Breast carcinoma, in 2007, ranked first among cancers in the Jordanian female population and it accounted for 35.8% of all female cancers. The crude incidence rate for female breast carcinoma in Jordan was 29.6 per 100 000 of the female population in 2007, compared to 25.4 per 100 000 in 2005. Histopathological distribution of female breast carcinomas showed that 77.4% were infiltrating ductal carcinoma, 7.1% were lobular carcinoma, 1.8% were mixed ductal and lobular carcinoma, and the remainder were other types of morphology [1].
Identified risk factors of breast carcinoma explain only one third of the disease cases. These risk factors include age (breast carcinoma incidence increases in post-menopausal females), family history of the disease and several reproductive factors [2]. The disease occurs in both sporadic and hereditary forms, the latter accounting for about 10% of total cases [3]. The cause of breast carcinoma is generally unknown; however, it develops when there is loss of control over cells of the breast, which multiply rapidly because of both genetic and environmental factors [3]. Enzymes involved in the detoxification of carcinogenic compounds as well as DNA repair may play a role in the susceptibility to this and other forms of cancer. The effectiveness of the detoxifying properties of such enzymes is genetically determined [4]. Polymorphic genes that code for these enzymes may hence be involved in breast carcinoma susceptibility.
The glutathione S-transferases (GSTs) comprise a supergene family of phase-2 enzymes that catalyze the detoxification of electrophilic compounds such as carcinogens and cytotoxic drugs by glutathione conjugation [5, 6]. In addition, they guard DNA from damage and adduct formation through conjugation. GSTs detoxify the products of oxidation process, carried out by phase 1 enzymes [7].
Glutathione S-transferase-pi is a major GST, which is expressed in both normal and tumor breast tissue [8, 9, 10], and the GST-pi gene has been mapped to a small region of chromosome 11q. Polymorphisms in exon 5 (Ile105Val) and exon 6 (Ala114Val) of the GST-pi gene have been identified [11, 12], and both affected codons lie in close proximity to the hydrophobic binding site of GST-pi. Moreover, polymorphism is known to change the properties of the enzyme [7]. The 105Val variant has been demonstrated to have either lower or higher specific activity and affinity than that of 105Ile depending on the substrate, whereas the Ala114Val polymorphism seems not to influence enzyme activity [13, 14].
Against this background, the possibility that GST-pi polymorphism may be involved in the pathogenesis of breast carcinoma has received great attention.

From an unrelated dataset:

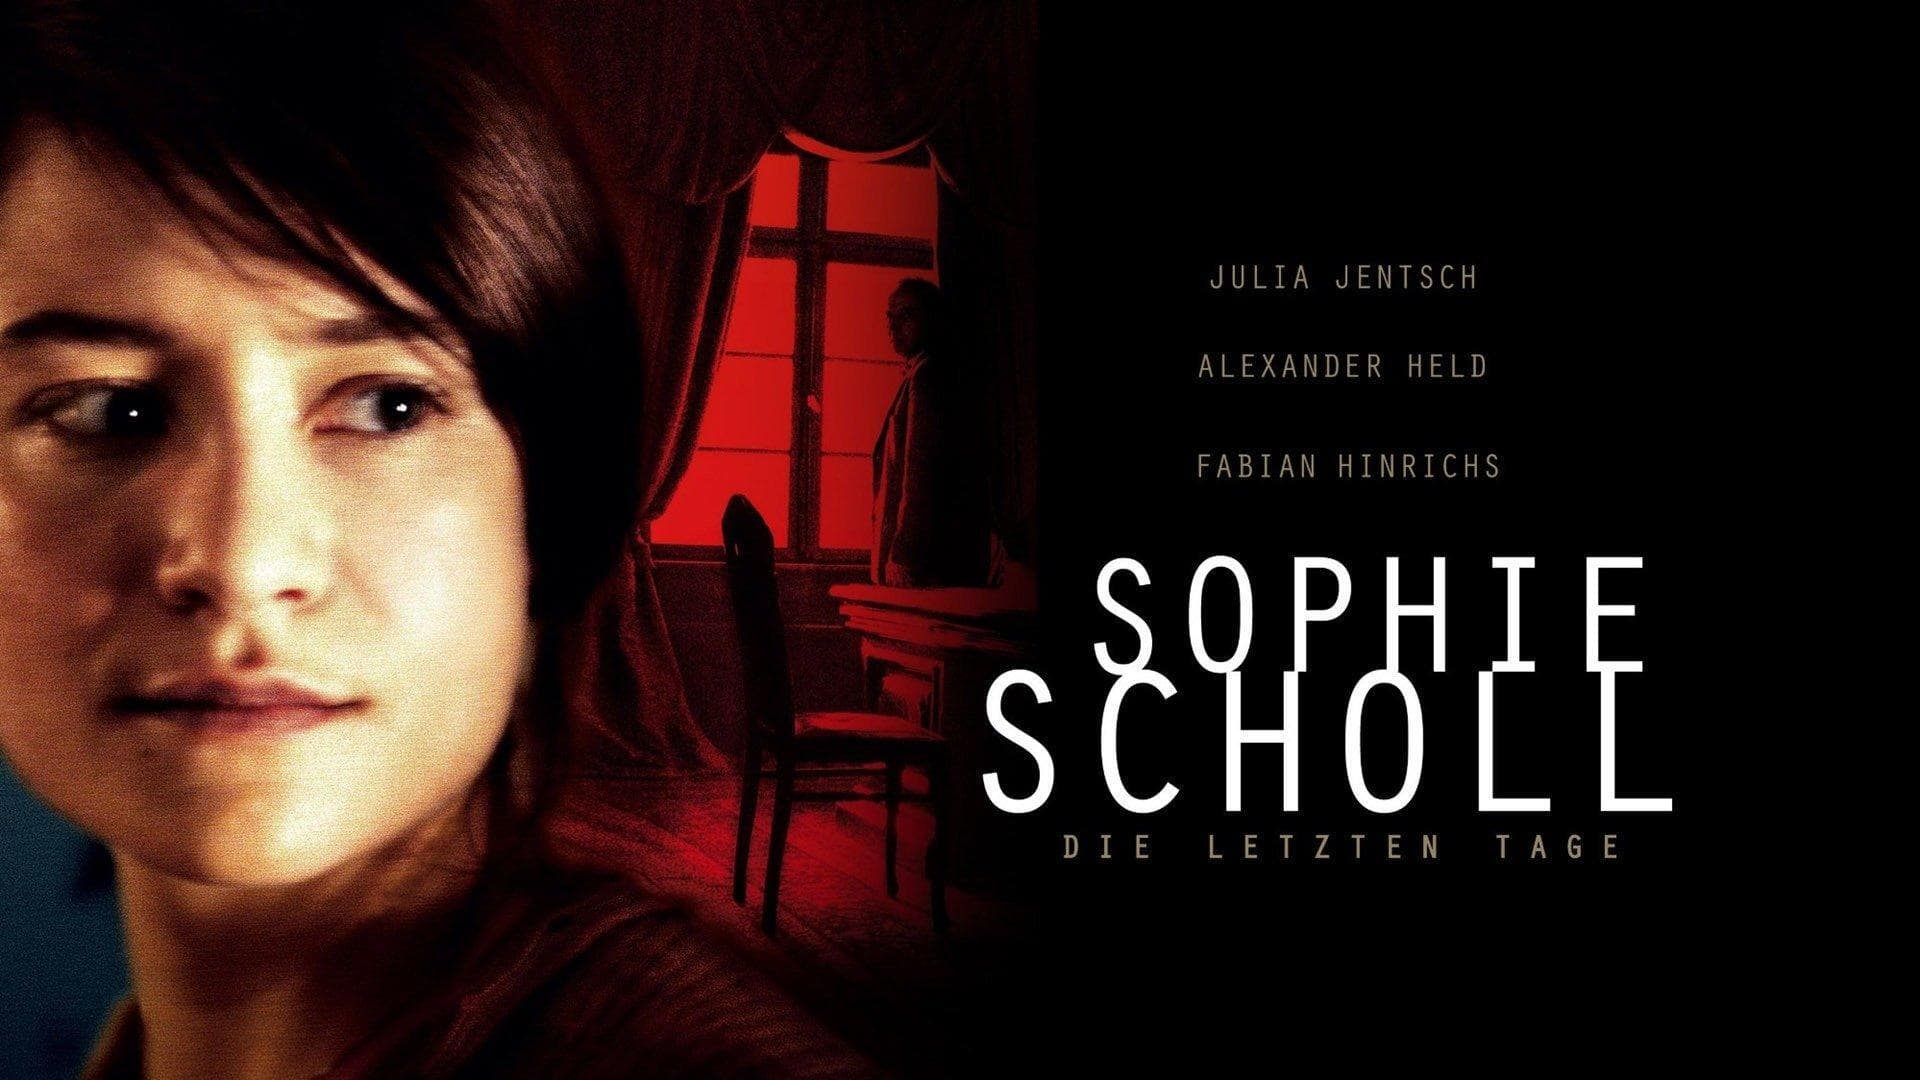 Image du film Sophie Scholl, les derniers jours 8u9gfw8rvbkfohexynxz6pavpfqjpg

Some epidemiological studies on the potential association between genetic polymorphisms of GST-pi and breast carcinoma have produced inconsistent results [15-18]. These studies consistently failed to detect an association between breast carcinoma and GST-pi polymorphism, and the results and conclusions have been highly variable. These inconsistencies might be partly due to differences in populations, and their exposure to factors of breast carcinoma development. The evidence regarding a possible association of GST-pi polymorphism with breast carcinoma is thus controversial and, in view of the high incidence of this tumor, requires clarification.
Based on these considerations, this issue was evaluated for the first time in breast carcinoma in a Jordanian female population employing a combination of methods. All cases were subjected to a polymerase chain reaction (PCR) based genotyping assay and immunohistochemistry staining. Our data show no involvement of this specific GST-pi gene polymorphism in susceptibility to breast carcinoma.

Material and methods

This study includes 100 samples of paraffin-embedded tissue blocks of female individuals previously diagnosed with breast carcinoma, and 48 samples of paraffin-embedded breast tissue with no history of cancer of any type as a control population. All samples and the clinical data including age group, type of carcinoma, size and grade of carcinoma were collected from the medical records and the Pathology Department at Jordan University of Science and Technology. All samples were stored at room temperature.
The median age of the cancer patients was 44.66 years (range, 20 to 75 years). Node involvement was detected in 18% of cases. The tumor size was < 1 cm in diameter in 6% of cases, > 1 and < 3 cm in 40% of cases, and >3 cm in 54% of cases. Tumor type was ductal in 88% of cases, lobular in 6%, and of other types in 6%. The distribution of histoprognostic grading was 10% for type I, 40% for type II, and 50% for type III (Table I).
The control population includes 20 fibroadenomas, 8 fibrocystic changes, 8 duct ectasias, 4 sclerosing adenosis, 4 hyperplasias, and 4 intraductal papillomas. The median age of the control group was 37.6 years (range, 20 to 56 years). The size of benign lesions ranged from 1 to 2 cm in diameter, which was obtained by open surgical biopsy due to the fear of hidden microscopic cancer.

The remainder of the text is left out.